1

I've been trying to get puppeteer to launch a unique instance for every profile stored in a .json file. This is because currently I am stuck creating a new folder with all my code and a unique .json file for every account/instance I want to run. I'd prefer if I could just store all my info in 1 .json file and then have my code launch a unique instance for each profile.

Goal:

  1. Input all profile information in .json file
  2. Have code launch a unique instance for every profile in the list
  3. Every unique instance should only be using the profile code

Example: Puppeter instance 1 launch with profile 1, puppeteer instance 2 launch with profile 2, etc.

Example of settings.json

[
{
    "email": "email1@gmail.com"
},
{
    "email": "email2@gmail.com"
},
{
    "email": "email3@gmail.com"
}
]

Example of main.js

const fs = require('fs');
const puppeteer = require('puppeteer');

const profile = JSON.parse(fs.readFileSync('./settings.json'));

var id = 0

while (id <= 2) {
    emailInfo = profile[id].email;
    console.log(emailInfo)
    botRun()
    id++;
}

function botRun() {
    (async () => {
        const browser = await puppeteer.launch();
        const page = await browser.newPage();
        await page.waitForTimeout(500)
        console.log('function ' + emailInfo) //pretend this is page.type --> it would result in 'email3@gmail.com' for all instances since this is what the var is now but I want it to stay with the info in the loop

        await browser.close();
      })();
}

Obviously this is horrendously wrong since emailInfo var will update therefore resulting in puppeteer applying the latest value. Is there any way I can make each puppeteer instance stick with the unique data?

Edit 1:

Managed to get the workaround but now I seem to have ran into a new issue. Basically, in one point of my script I tell the browser to close the tab and reopen a new one. It closes each tab in each individual browser fine but when I use "await browser.newPage();" it sends all the new tabs to just 1 browser instead of staying in their respective browser.
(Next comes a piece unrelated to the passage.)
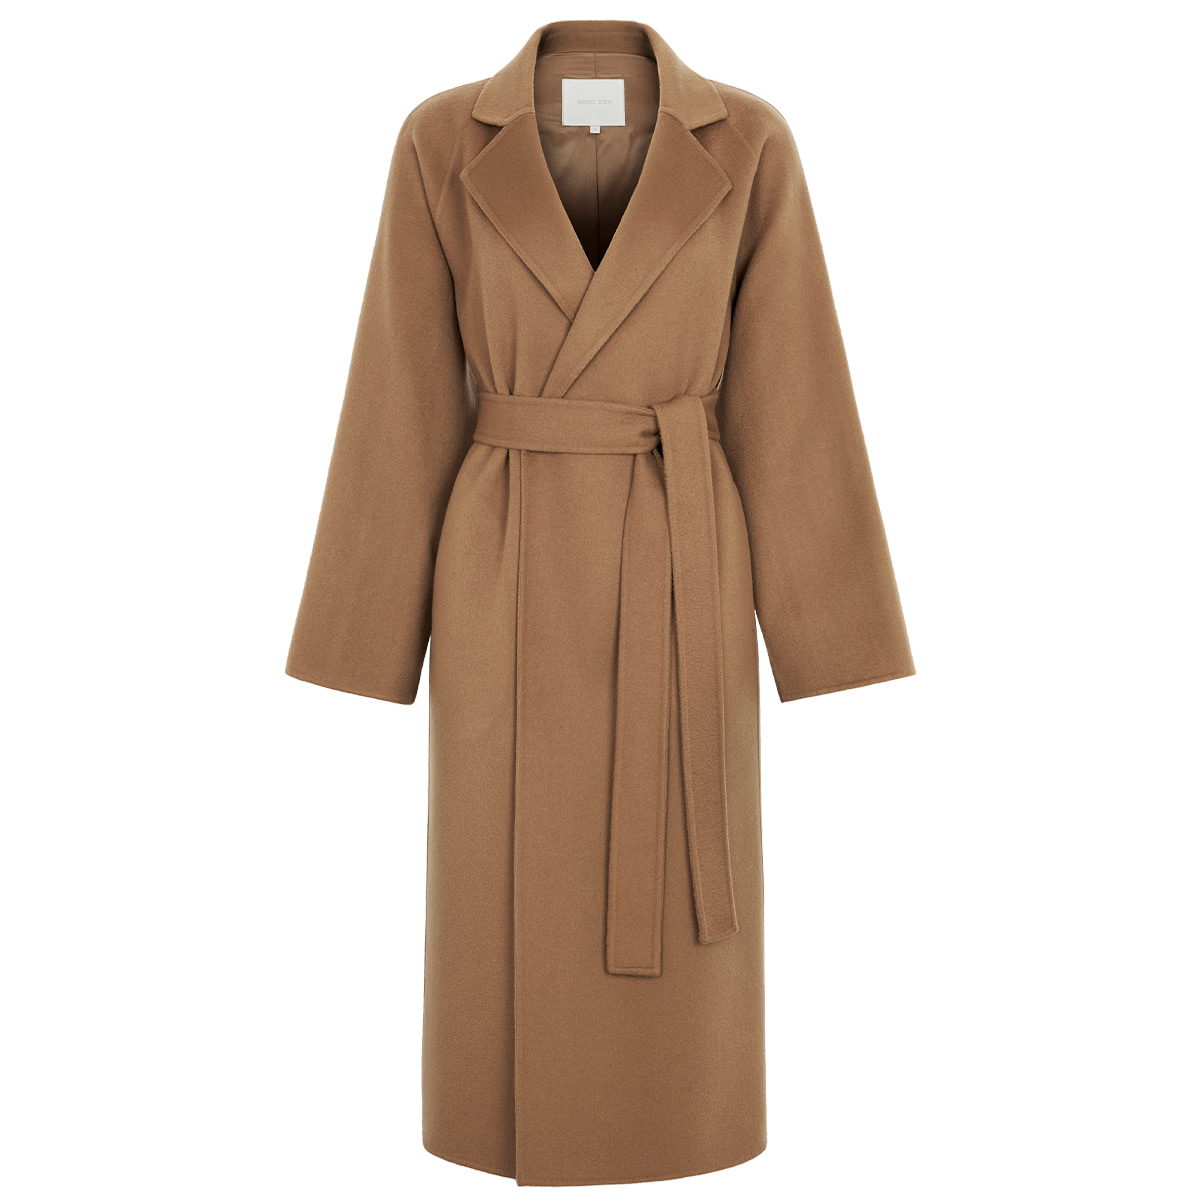 Marais coat (camel)

const puppeteer = require('puppeteer-extra');
const fs = require('fs');

const botRun = async emailInfo => {
    browser = await puppeteer.launch({
        args: [],
        headless: false,
        ignoreHTTPSErrors: true,
        slowMo: 5,
    });
    const page = await browser.newPage();
    await page.waitForTimeout(2500)
    // do stuff with emailInfo
    await page.close(); // works fine - will close tab for each browser 
    await browser.newPage(); // suddenly sends all tabs to 1 browser
  };

(async () => {
    const profile = JSON.parse(fs.readFileSync("./settings.json"));    
    await Promise.all(profile.map(({email}) => botRun(email)));
  })();

Here is an image for clarification. My goal is to keep the tabs in their respective browser rather than suddenly all being thrown to 1 browser:

ggorlen
  • 44,755
  • 7
  • 76
  • 106

2 Answers2

3

Put the loop into the Puppeteer code or pass the emailInfo as a parameter to the function.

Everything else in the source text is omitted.